An example of non-standard, partial immunogenicity is the so-called “ABC
phenomenon”, i.e., accelerated blood clearance of PEGylated liposomes, a
phenomenon that has great clinical relevance [21]. It has been discovered by
Ishida and colleagues [46-52, 54, 55] that repeated injection of PEGylated
liposomes in mice and rats causes rapid clearance of liposomes from the
bloodstream, due to the formation of anti-PEG IgM in the spleen. Importantly,
the phenomenon is absent with PEGylated liposomes encapsulating doxorubicin,
which is consistent with the lack of ABC in cancer patients treated with Doxil.

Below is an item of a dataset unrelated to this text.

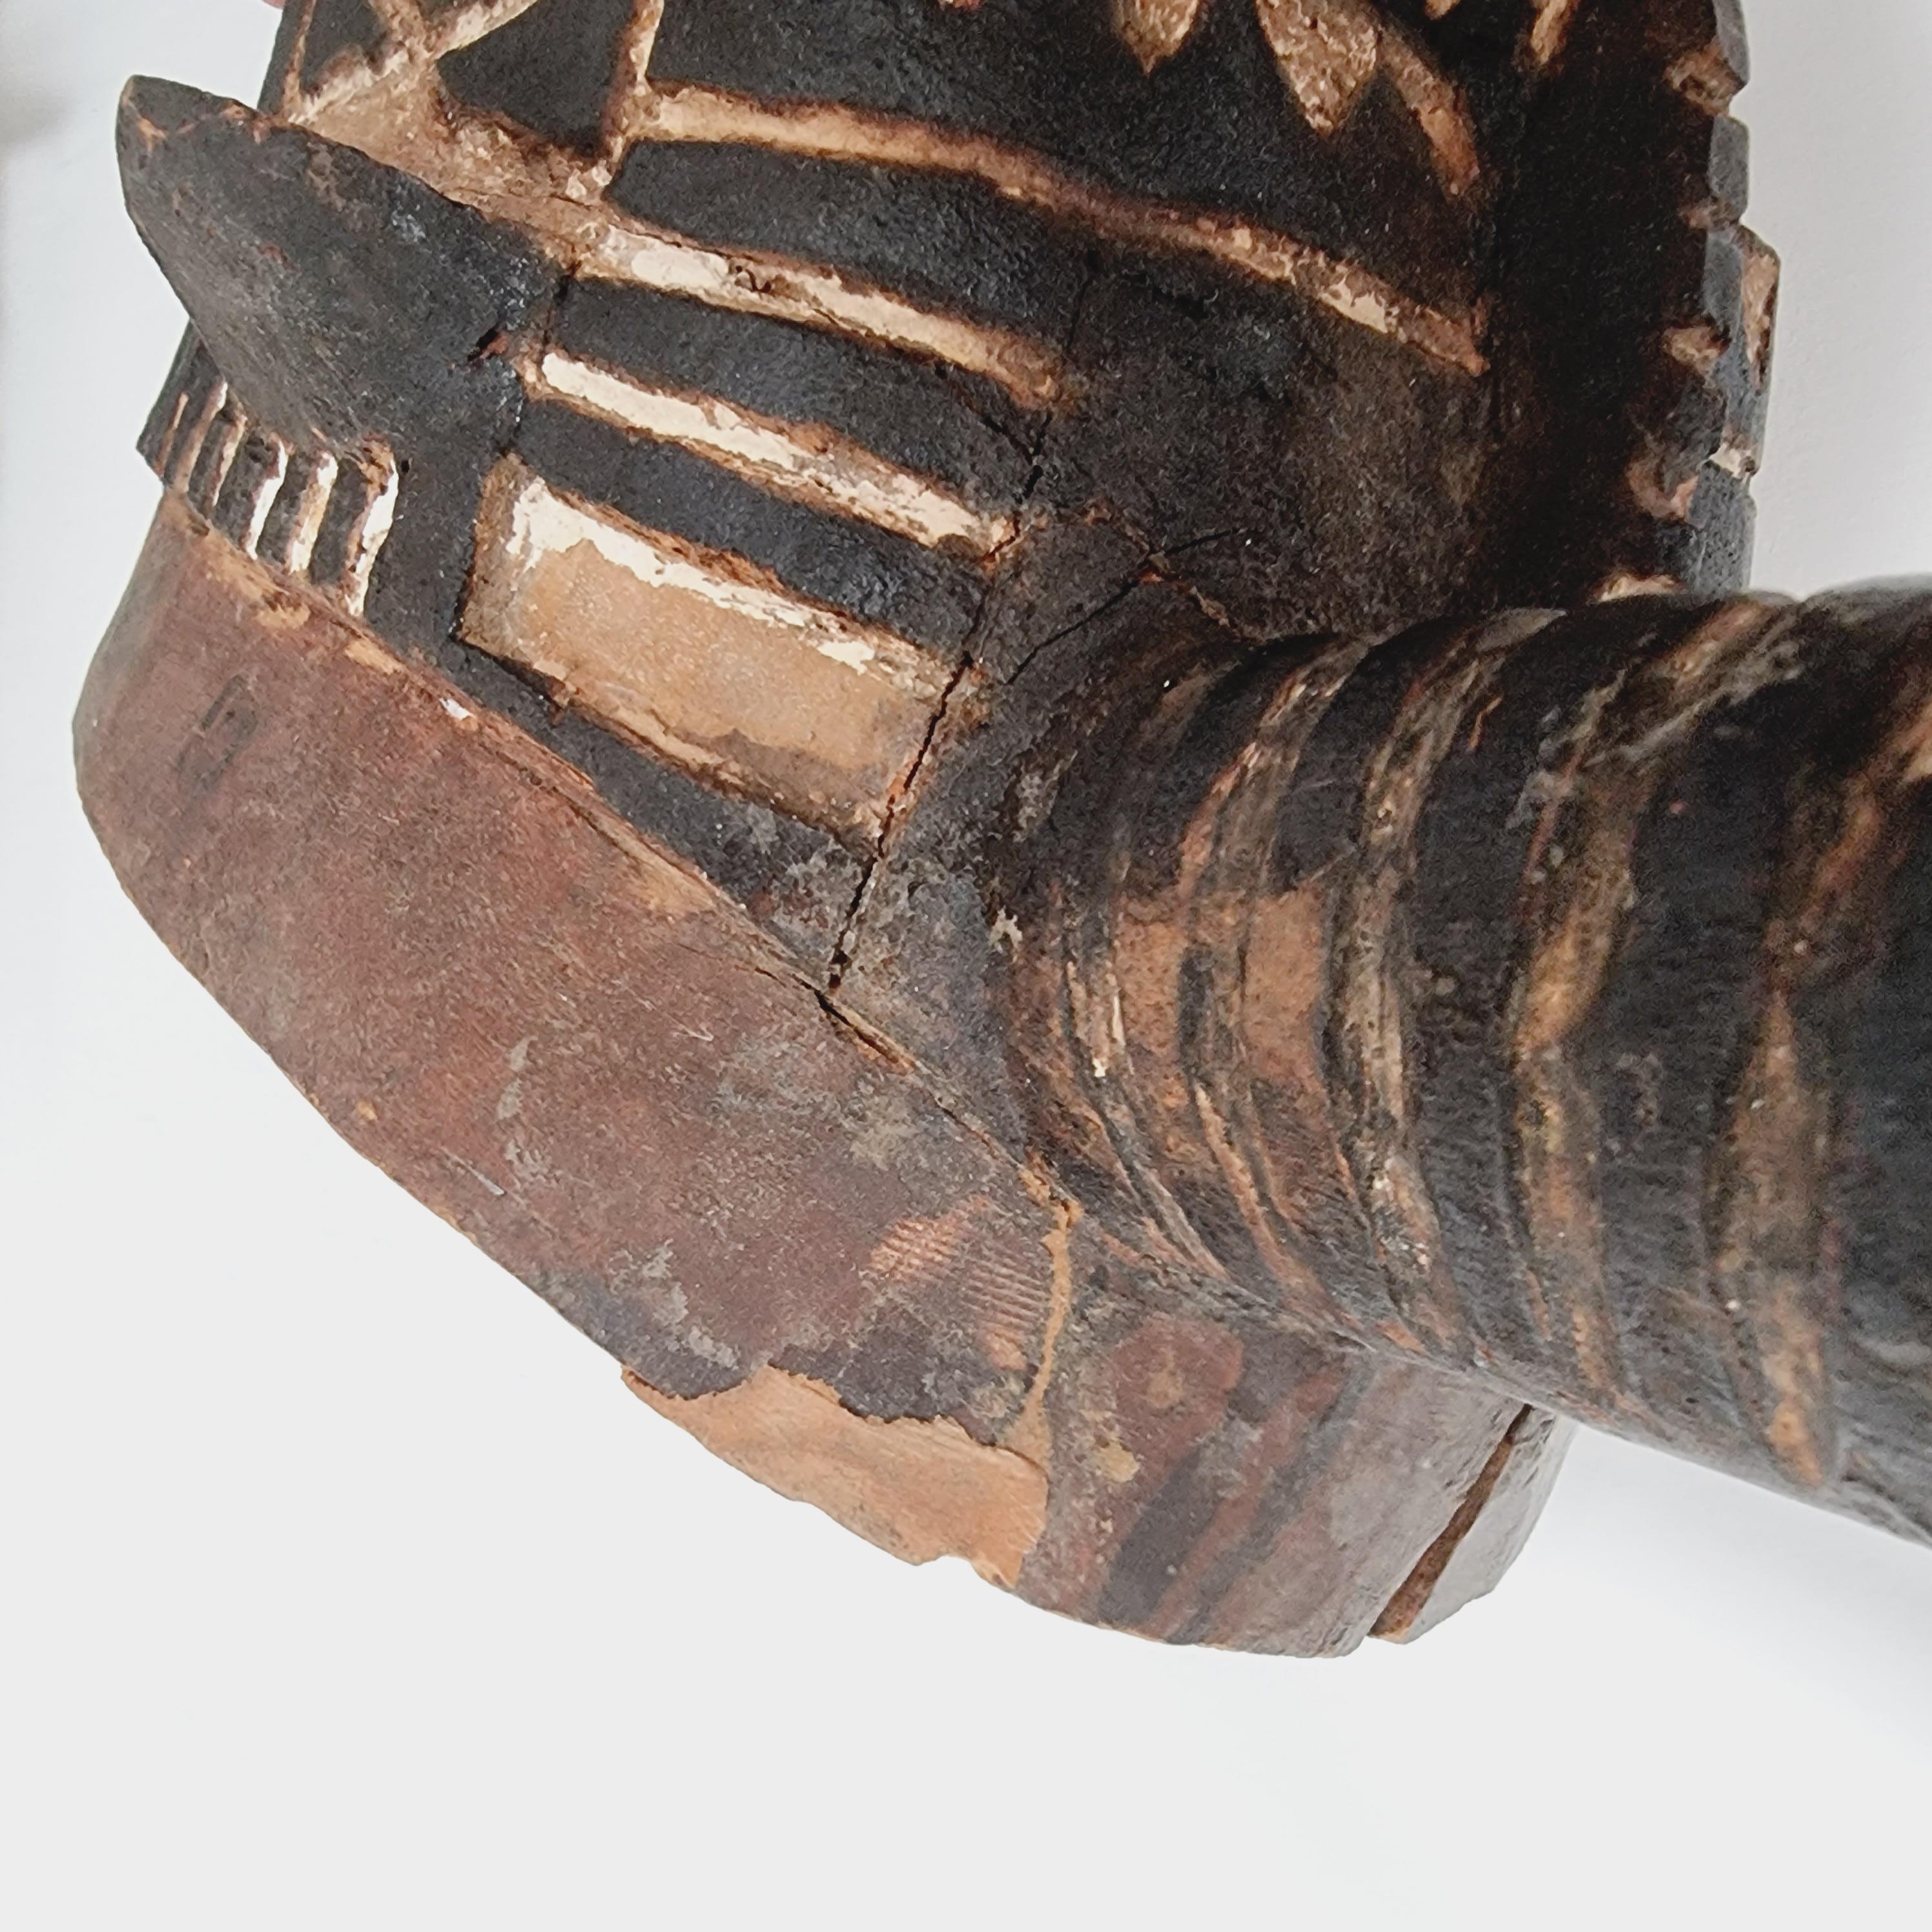 Bobo Uele-Maske, Bwa, Nord- Burkina Faso, erste Hälfte der 1900er Jahre (20. Jahrhundert) im Angebot

On the other hand, free doxorubicin given in doses that correspond to the
amount given in Doxil, restores ABC. These data indicate that immune cells
responsible for the ABC phenomenon might be selectively damaged by
doxorubicin encapsulated in PEGylated liposomes, as detailed in the section on
liposome-induced immune suppression below. Since the ABC phenomenon was
also observed in BALB/c nu/nu mice, but not in BALB/c SCID mice, it was
suggested that antibody production represents a T cell-independent, B cell
response, and that PEGylated liposomes might be recognized by B cells as a
thymus-independent type 2 antigen [54]. Based on the array theory, as
delineated above, it can be hypothesized that PEGylated liposomes trigger B cells
via some of their TLRs, for PEG looks to B cells like viral spikes. The ABC
phenomenon is illustrated in Fig. 5.
6. IMMUNE SUPPRESSION BY LIPOSOMES
It is well known that liposomes are taken up mainly by cells of the
reticoloendothelial system (RES) in the liver, spleen, bone marrow and
elsewhere, which cells are also part of the nonspecific, innate immune system.
Therefore, it has been asked for a long time whether macrophage saturation by
liposomes, leading to immune suppression, could be a problem, a potential risk
for infection? There is ample evidence that clinically applied doses of non-
cytotoxic liposomes generally do not cause immune suppression, at least not
major, clinically important blockage of macrophage function. However, the
situation is different with anticancer liposomes that contain cytostatic drugs,
which may cause more or less immunosuppression.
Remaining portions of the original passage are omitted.